Not Drug Traffickers
“The people of the Virgin Islands are yet to come to grips with the fallout from the arrest and jailing of former Premier Andrew A. Fahie,” he asserted, adding with emphasis, “The people of the Virgin Islands are not drug traffickers.”
Expressing dismay at what he described as a collective failure to publicly process the emotional and political aftermath of the former premier’s arrest in 2022 on drug trafficking and money laundering charges, he posits, “We have not mourned this thing properly because we have not had any public conversation and discourse about it; Whatever you bury alive will come back and haunt you.”
Calling attention to the societal and psychological impact, he suggested, “This country was put in the grip of fear, and fear is one of the most powerful currencies in the earth.”
The incident, he said, shocked the Territory into silence, explaining that the absence of open discourse had paralysed not just public officers but the entire population. “It instilled fear in the country… It made us afraid to even have certain conversations with each other.”
UK capitalised on the ‘moment of crisis’
According to the outspoken pastor, the UK government and other external actors seized upon the moment of crisis. “The United Kingdom, officialdom, used it as a pretext for the context and the content of what has happened and is happening now.”
The Commission of Inquiry (CoI) Report, with its recommendations for a UK takeover, was being held up by then-Governor John J. Rankin, but it was released the day after Mr Fahie was arrested in Miami.
Additionally, Skelton-Cline did not hesitate to address the racial undercurrents he believes shaped the post-Fahie era, urging open discussion.

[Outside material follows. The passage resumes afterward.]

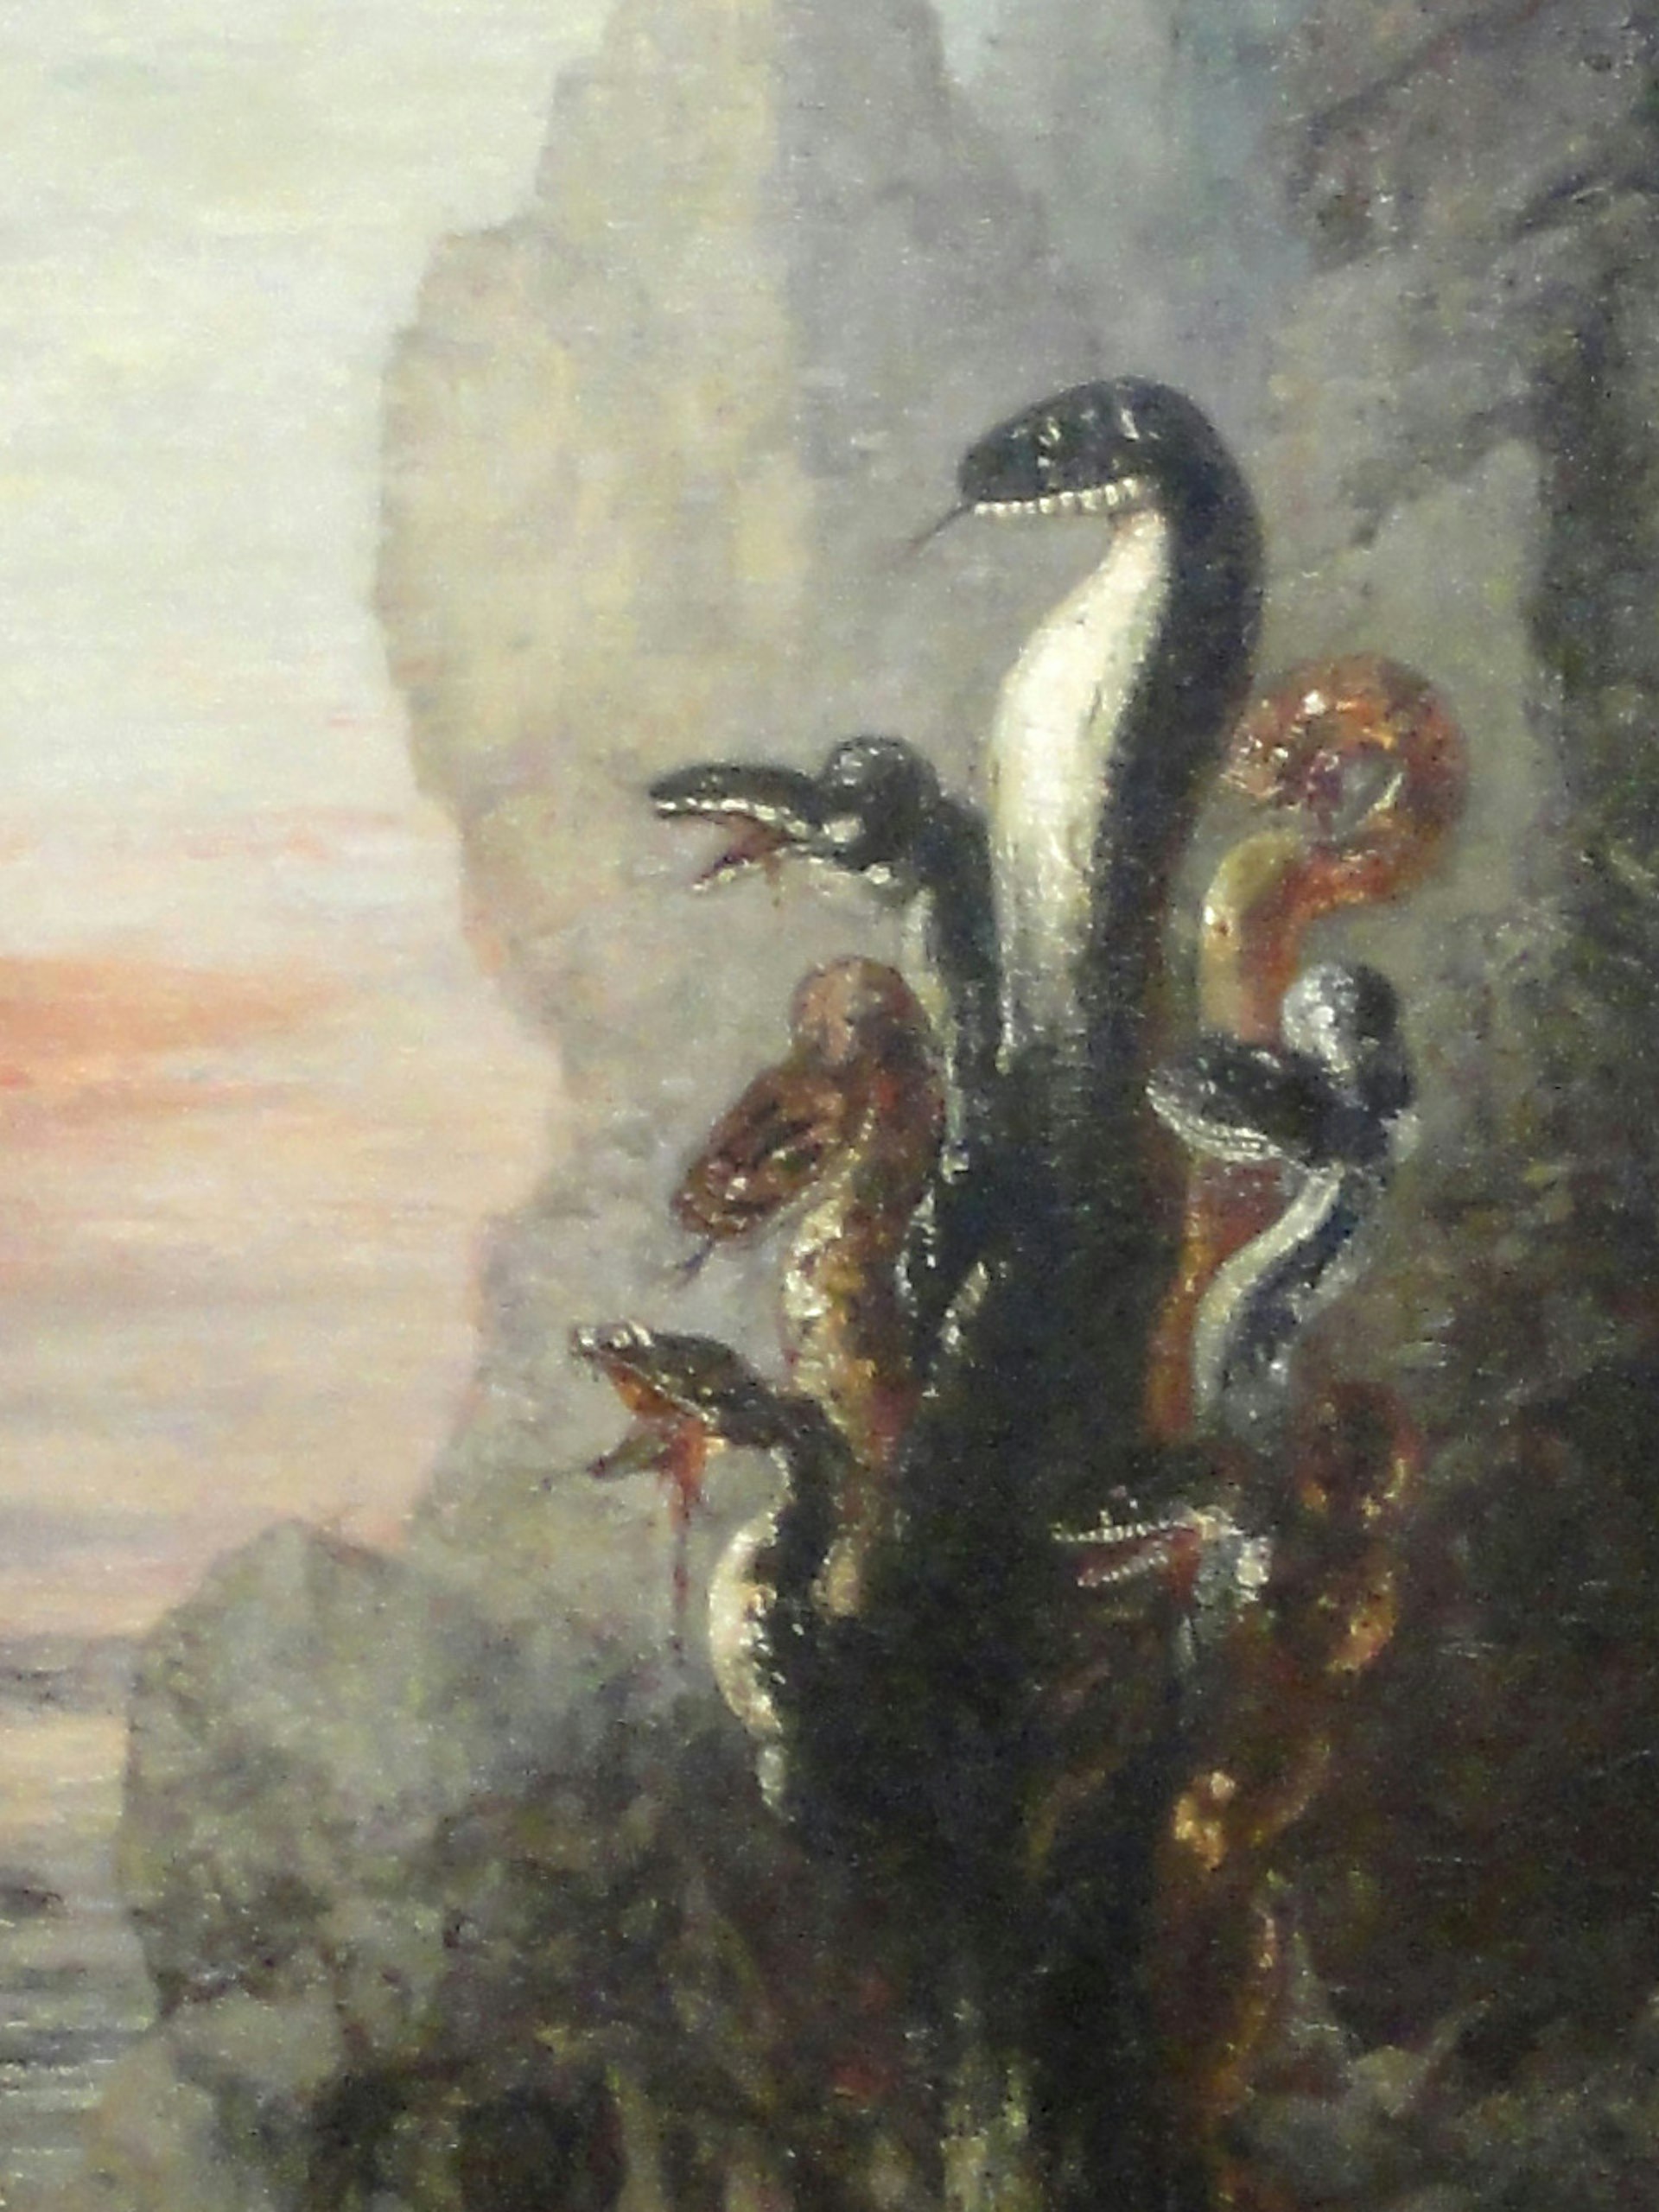 Hydra, Greek Creature (3x2)

“I want to say to my white brothers and sisters—and I want to really say to all of us—We must have a rational, sober, passionate conversation around the matters of race, financial disenfranchisement, inequities, and sexuality.”
Political Turmoil
According to Skelton-Cline, the public must be courageous in confronting hard truths, insisting “...we should not be afraid to talk about our disappointment with what has happened to us; We should not be afraid to give voice to the anger, to the righteous indignation of the condition our country was put into.”
Reflecting on the political turmoil that followed Fahie’s arrest—including the formation of the ‘Unity Government’ and the reshuffling of ministers—Skelton-Cline was unsparing in his critique of the response.
“In that moment, where we needed women and men to meet the moment… it was left up to the whomevers,” he lamented, and quipped, “We simply cowed, we complied, and we became complicit.”
Rejecting the notion that Fahie’s arrest was reflective of the wider Virgin Islands community, he was adamant, “...0.0001% of our population is involved in any drug trade or any other illicit or corrupted apparatus, for that matter. That’s the truth. That’s not the perception. But you can’t go by perception—you have to go by perspective.”